“You think they’re doing this with two guys?”

  “They only had two when they kidnapped the girl on Park Avenue. I can’t see going out and recruiting an extra person for an operation like this. This is lust murder that developed a commercial hook to it, not an ordinary professional criminal operation where you can go out and put a string of men together. There are some witnesses who would seem to indicate the existence of a third man in the two abductions that were witnessed, but they may just have assumed there was a driver, because that’s the way you would expect people to do it. But if you only had two people to start with, one of them would double as the driver. And that’s what I think happened.”

  “So we can forget the third man.”

  “No,” I said. “That’s the aggravating thing about it. We have to assume he’s there.”

  I went into the kitchen for more coffee. When I came back Yuri asked how many men I wanted. He said, “We have you, me, Kenan, Peter, Dani, and Pavel. Pavel is downstairs, you met him coming into the building. I got three more men ready to come, all I got to do is tell them.”

  “I can think of a dozen,” Kenan said. “People I talked to, whether they had money to kick in or not, everybody said the same thing. ‘You can use a hand, tell me, be right there.’ ” He leaned over the map. “We can let them get in position, then bring in a dozen more men in three or four cars. Seal up both exits, plus the rest of them, here and here. You’re shaking your head. Why not?”

  “I want to let them get away with the money.”

  “You don’t even want to try for it? After we’ve got the girl back?”

  “No.”

  “Why not?”

  “Because it’s crazy to get into a firefight in a graveyard at night, or shoot at each other from cars careening around Park Slope. An operation like that’s no good unless you can control it, and there are too many ways this one can slip out of control. Look, I sold this by setting it up as a standoff, and I did a good job designing it that way. It is a standoff. We get the girl, they get the money, and everybody goes home alive. A few minutes ago that was all we wanted out of the deal. Is that still how we feel?”

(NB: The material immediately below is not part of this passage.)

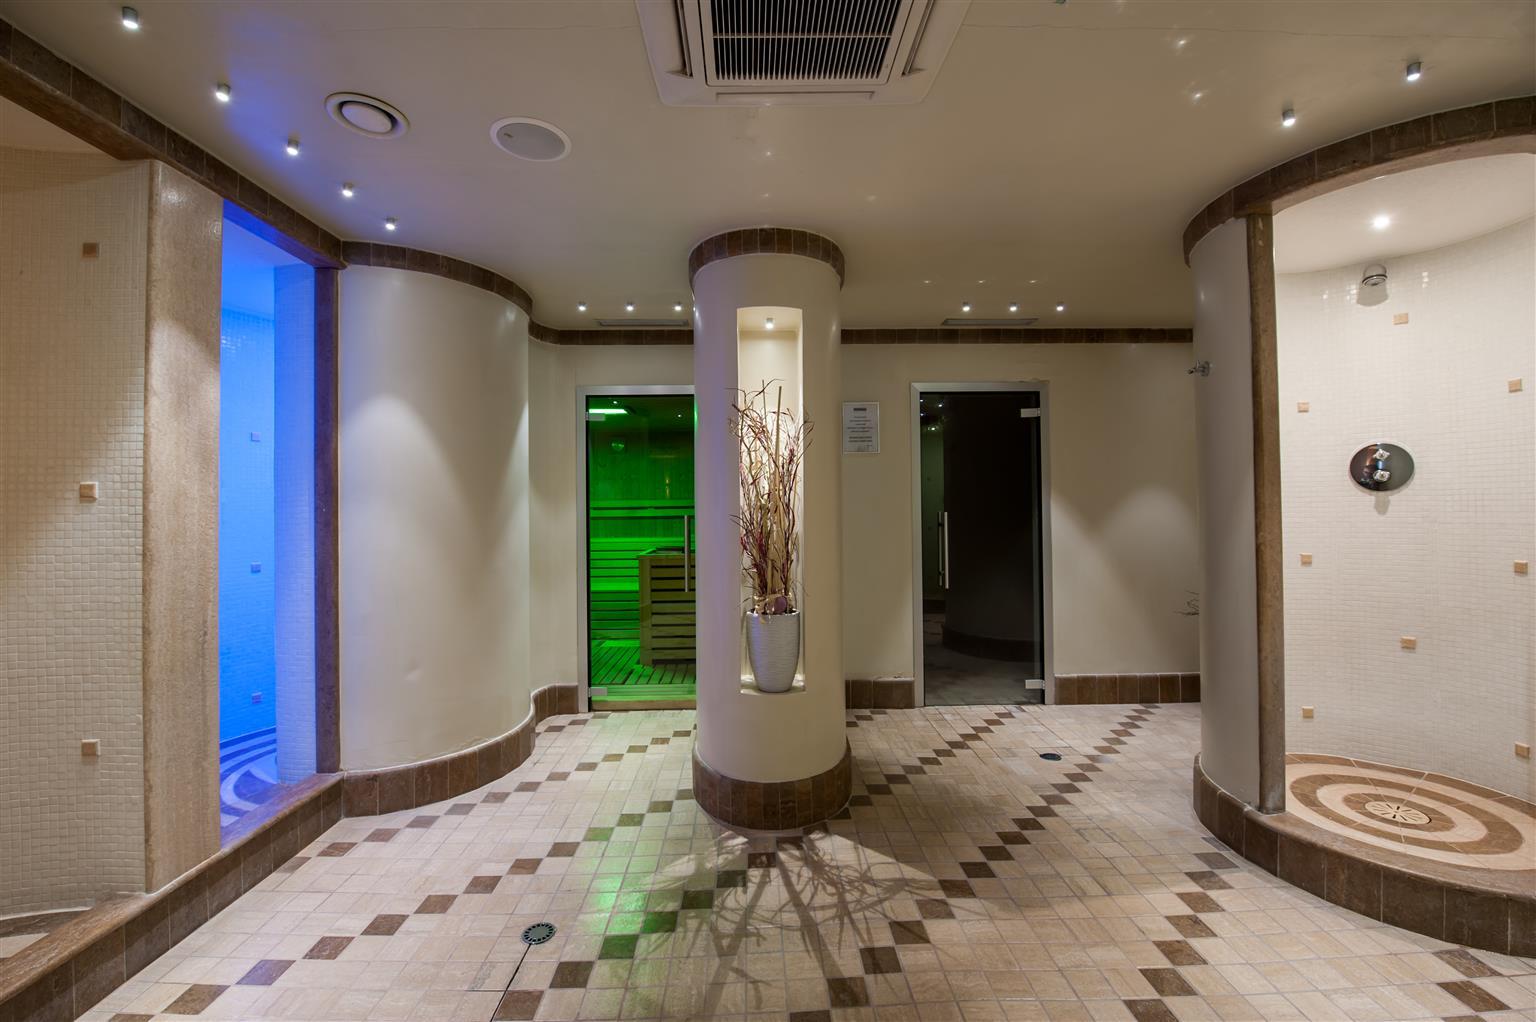 Immagine BEST WESTERN PREMIER VILLA FABIANO PALACE HOTEL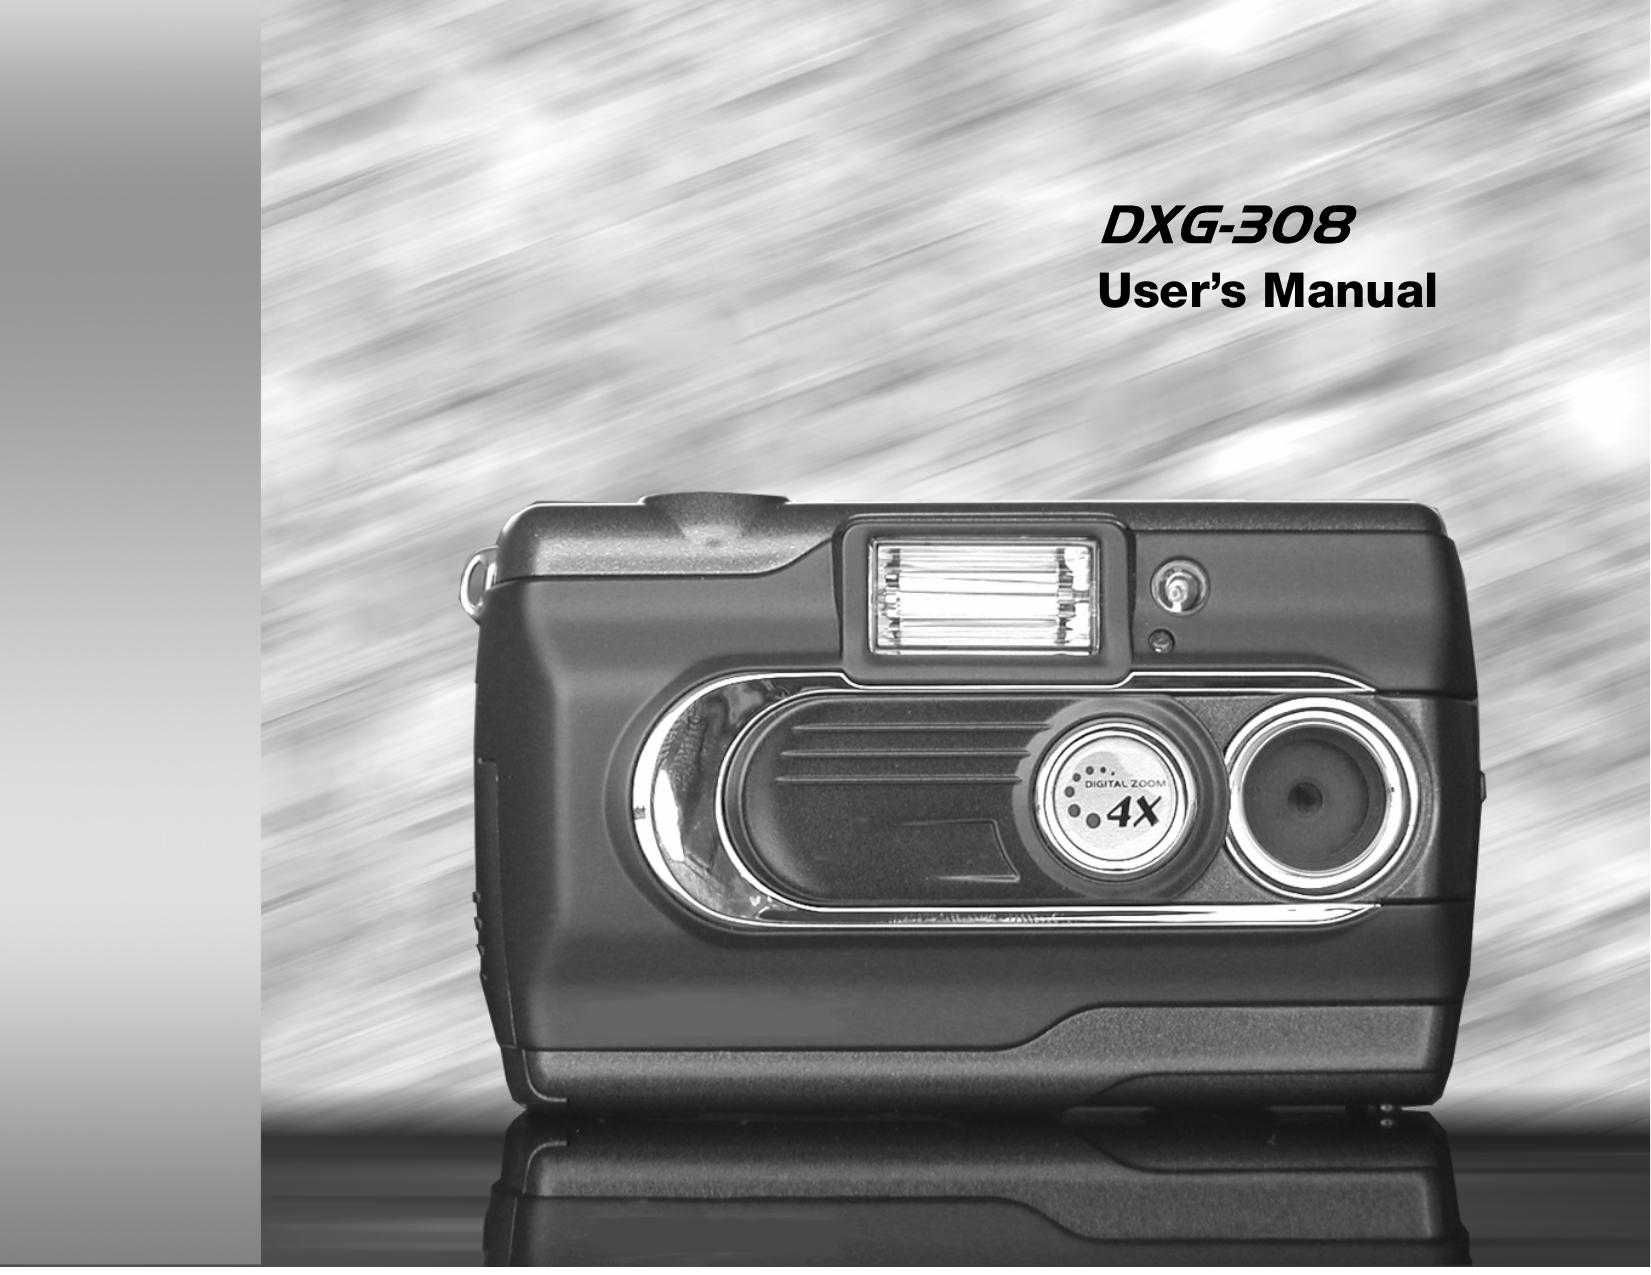 DXG 308 DOWNLOAD DRIVER

  Yuri said it was. Kenan said, “Yeah, sure, it’s all I ever wanted. I just hate to see them get away with anything.”

  “They won’t. Callander thinks he’s got a week to pack his valise and get out of town. He hasn’t got a week. It won’t take me that long to find him. Meanwhile, how many men do we need? I think we’re fine with the people we’ve already got. Say three cars. Dani and Yuri in one, Peter and . . . is it Pavel in the lobby downstairs? Peter and Pavel in the Toyota, and I’ll ride with Kenan in the Buick. That’s all we need. Six men.”

  The phone rang in Lucia’s room. I answered it and spoke to TJ, who was back at the laundromat after having no luck looking in driveways and at curbs for the Honda.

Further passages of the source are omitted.